Between August 28, 2013, and September 18, 2013, Firoozi also repeatedly obtained unauthorized access to the SCADA systems of the Bowman Dam, in Rye, NY, which allowed him to repeatedly obtain information regarding the status and operation of the dam, including information about the water levels and temperature, and the status of the sluice gate, which is responsible for controlling water levels and flow rates, officials said.
Although that access would normally have allowed Firoozi to remotely operate and manipulate the Bowman Dam’s sluice gate, unbeknownst to Firoozi, the sluice gate had been manually disconnected for maintenance at the time of his intrusion.
All of the indicted individuals are citizens and residents of Iran, and face charges of one count of conspiracy to commit and aid and abet computer hacking, which carries a maximum sentence of 10 years in prison. Firoozi also faces an additional count of obtaining and aiding and abetting unauthorized access to a protected computer, which carries a maximum sentence of five years in prison.
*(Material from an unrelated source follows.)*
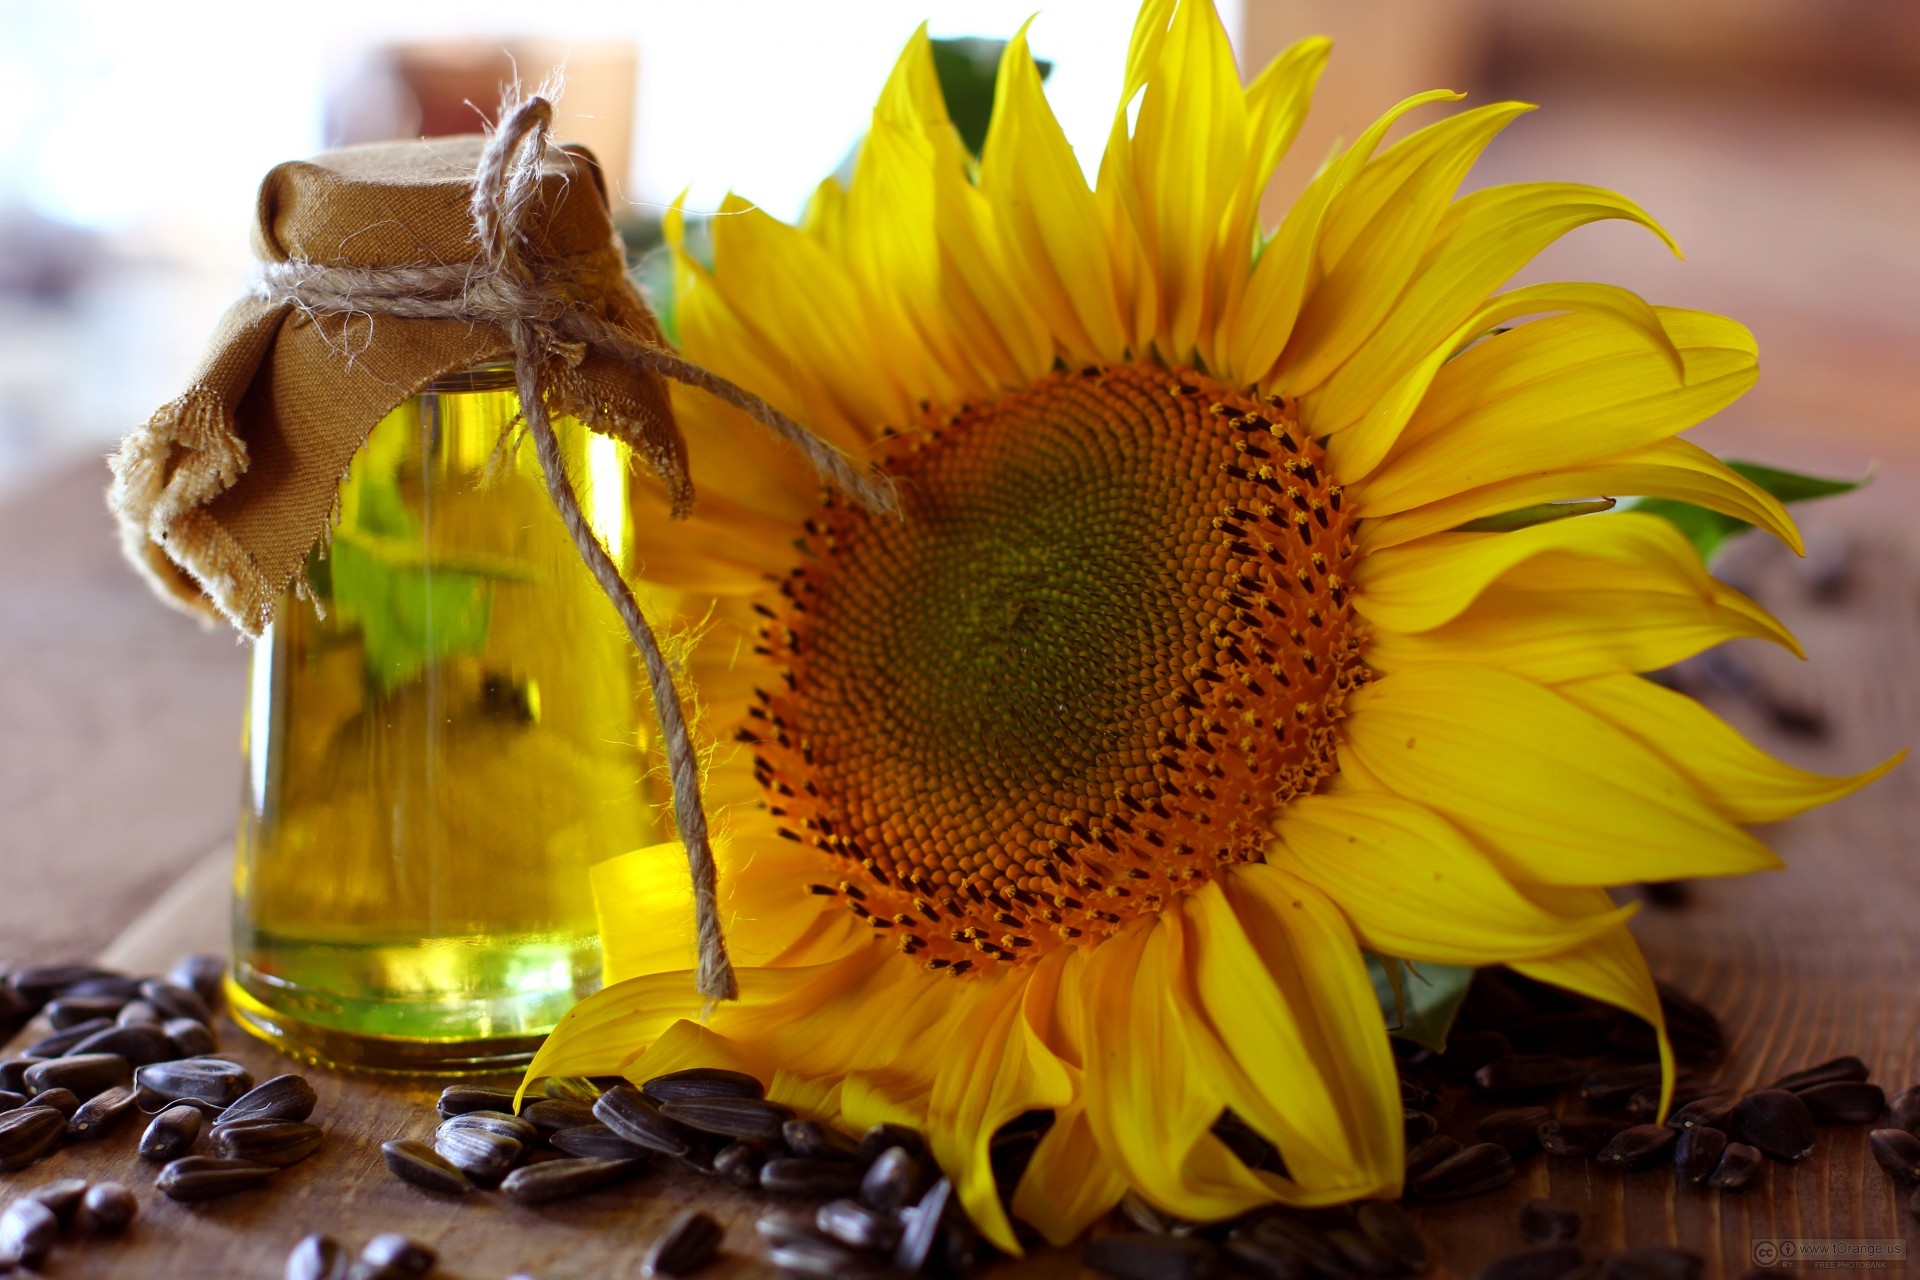 The price of sunflower oil, falling behind the market of palm oil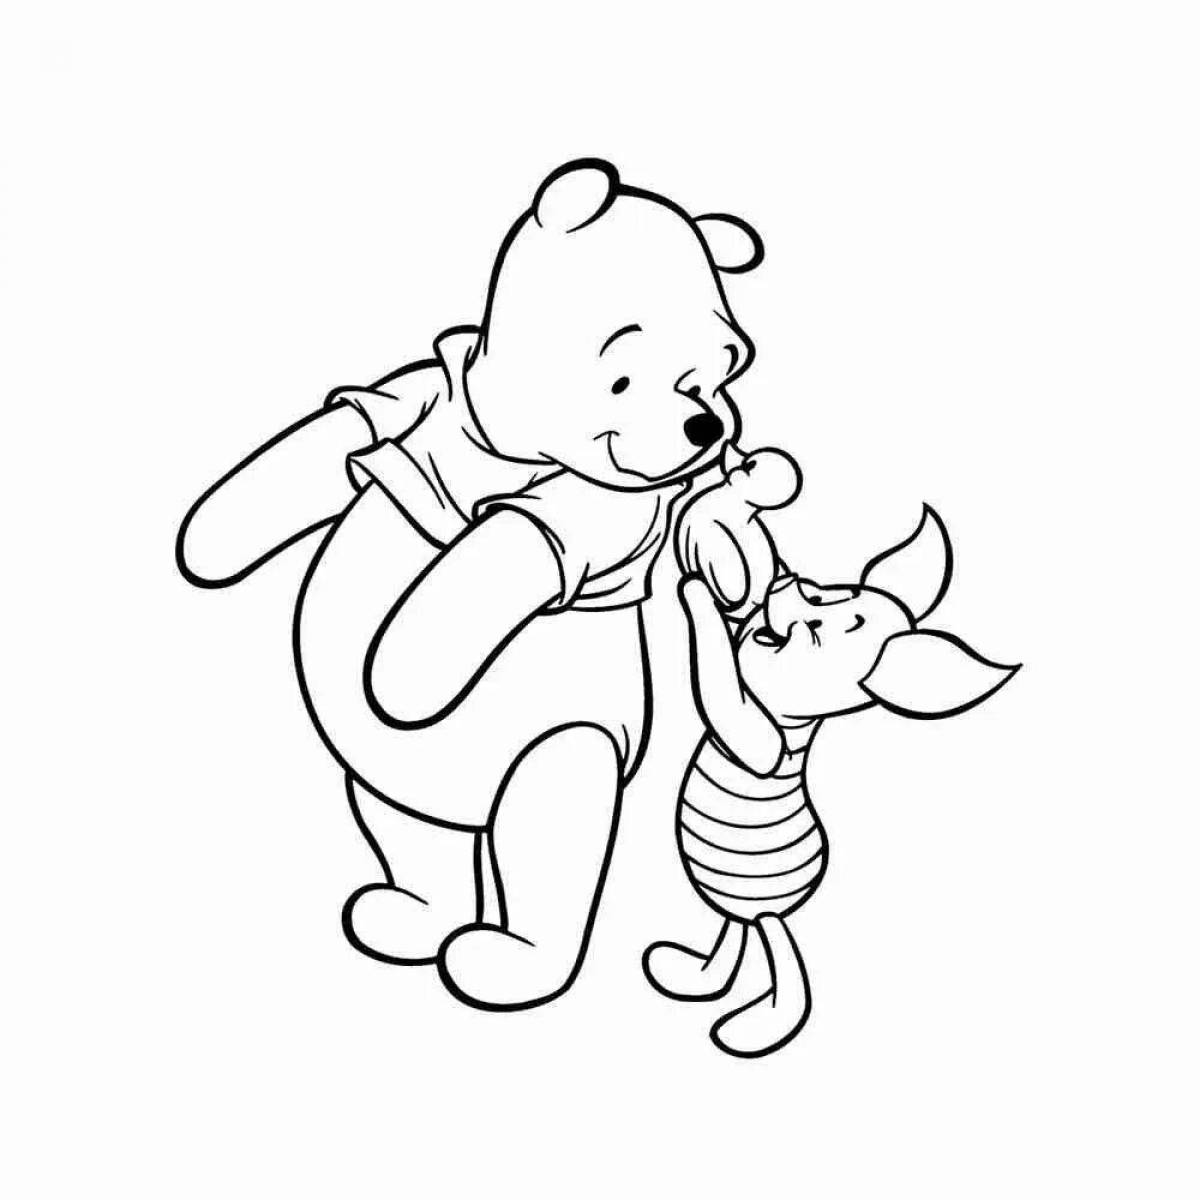 Coloring page loving Winnie the Pooh and Piglet

“The charges … respond directly to a cyber assault on New York, its institutions, and its infrastructure,” said Manhattan U.S. Attorney Preet Bharara. “The infiltration of the Bowman Avenue dam represents a frightening new frontier in cybercrime. These were no ordinary crimes, but calculated attacks by groups with ties to Iran’s Islamic Revolutionary Guard and designed specifically to harm America and its people. We now live in a world where devastating attacks on our financial system, our infrastructure, and our way of life can be launched from anywhere in the world, with a click of a mouse. Confronting these types of cyber attacks cannot be the job of just law enforcement. The charges should serve as a wake-up call for everyone responsible for securing our financial markets and for guarding our infrastructure.”
Since the suspects are Iranian citizens, they would have to end up extradicted to the U.S., however, it is unlikely the Iranian government will allow that to occur.